A better approach is to generate one alert for a group of metrics associated with a system or application – like a host or a database.
With traditional alerting, if a particular host is running out of memory and has unusually high I/O and a high CPU, you’ll receive three alerts – one for each metric. Monitoring with multi-criteria alerting, by contrast, will generate one alert describing the unusual values for all three metrics.. Receiving one alert instead of three by grouping them by system or application is more effective and more efficient.
This concept is at the core of Metricly’s approach to alert generation – by alerting on a per-system basis, you get all the same information, but alarm noise is reduced and there’s additional context to help you troubleshoot.
Use Analytics to Learn Normal Behavior
Machine learning techniques can be applied to your monitoring data to offer you an idea of how your environment normally performs, making it easier to separate true alerts from false ones. Metricly’s advanced analytics are built on more of a decade of experience in IT statistical analysis and monitoring, with proven success at improving your metrics and signal-to-noise ratio. Our computed metrics combine two or more metrics (like memory usage, CPU utilization, or latency) in functions that provide valuable data on the utilization and performance of your elements. An example of a computed metric is IOPS Utilization, which compares the current number of IOPS a disk is performing to the total IOPS capacity, yielding a percent representation of an EBS volume’s utilization.
For example, in the image above, we’re running 1050 IOPS against a volume whose capacity is 3000 IOPS, so the IOPS Utilization for this instance is 35%. IOPS Utilization values help you identify over- and under-utilized EBS volumes, thereby identifying either cost-saving opportunities in over-utilized volumes and preventing future performance problems in under-provisioned volumes.
Improve Alerting with Multi-Criteria Alerting Policies
The final step to improving your signal-to-noise ratio is utilizing multi-criteria alerting. In short, by increasing the number of specific conditions you set on an alert rule, the less likely it is to trigger.
For example, you might want to set an alerting policy for CPU utilization to tell you any time utilization falls outside of the norm. This seems like a great idea, until you’re swarmed with alarms every time you scale your environment (because utilization for some elements is above or below previous levels!)

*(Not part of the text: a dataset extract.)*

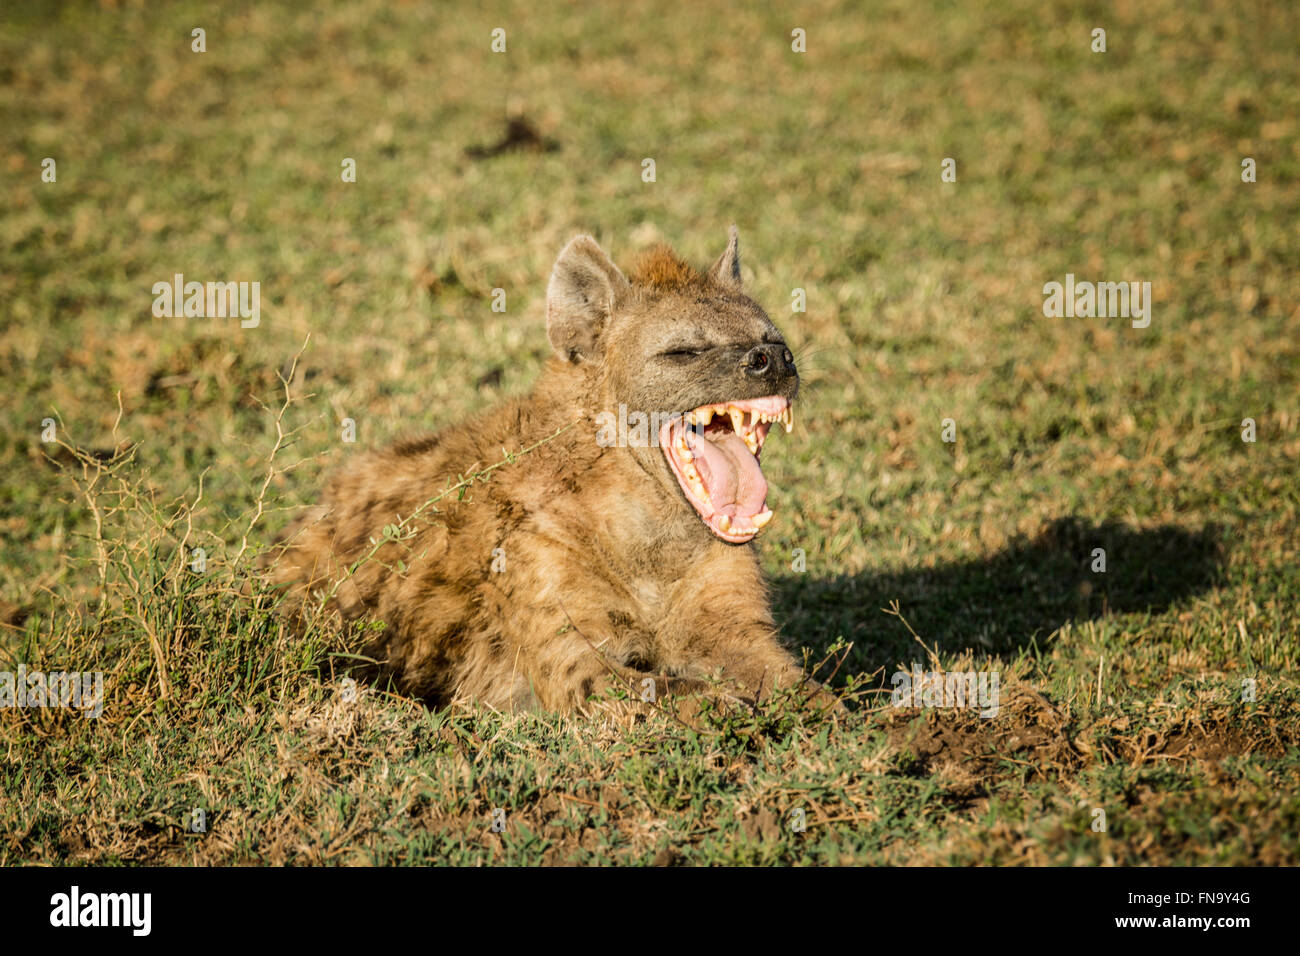 Beschmutzte Hyäne, zeigt Crocuta Crocuta, mit weit offenem Mund Gähnen seine Zähne, Masai Mara National Reserve, Kenia, Afrika Stockfoto

However, if you set a multi-criteria alerting policy to only trigger you IF CPU is outside the norm AND total CPU is above 50%, you’ll receive significantly fewer false alarms while maintaining those alerts that could indicate a significant issue. If you wanted to make sure that the alert is definitely actionable, you could add a third condition that looks for normalized average load (number of processes waiting to run divided by the number of CPUs) to be more than 2. If all three conditions are breached then the alert is most definitely actionable. This type of multi-criteria alerting, combined with advanced analytics, is key to improving your signal-to-noise ratio and reducing alert noise.
Success in monitoring relies heavily on adding context and conditions to existing data, and improving signal-to-noise ratio is no exception.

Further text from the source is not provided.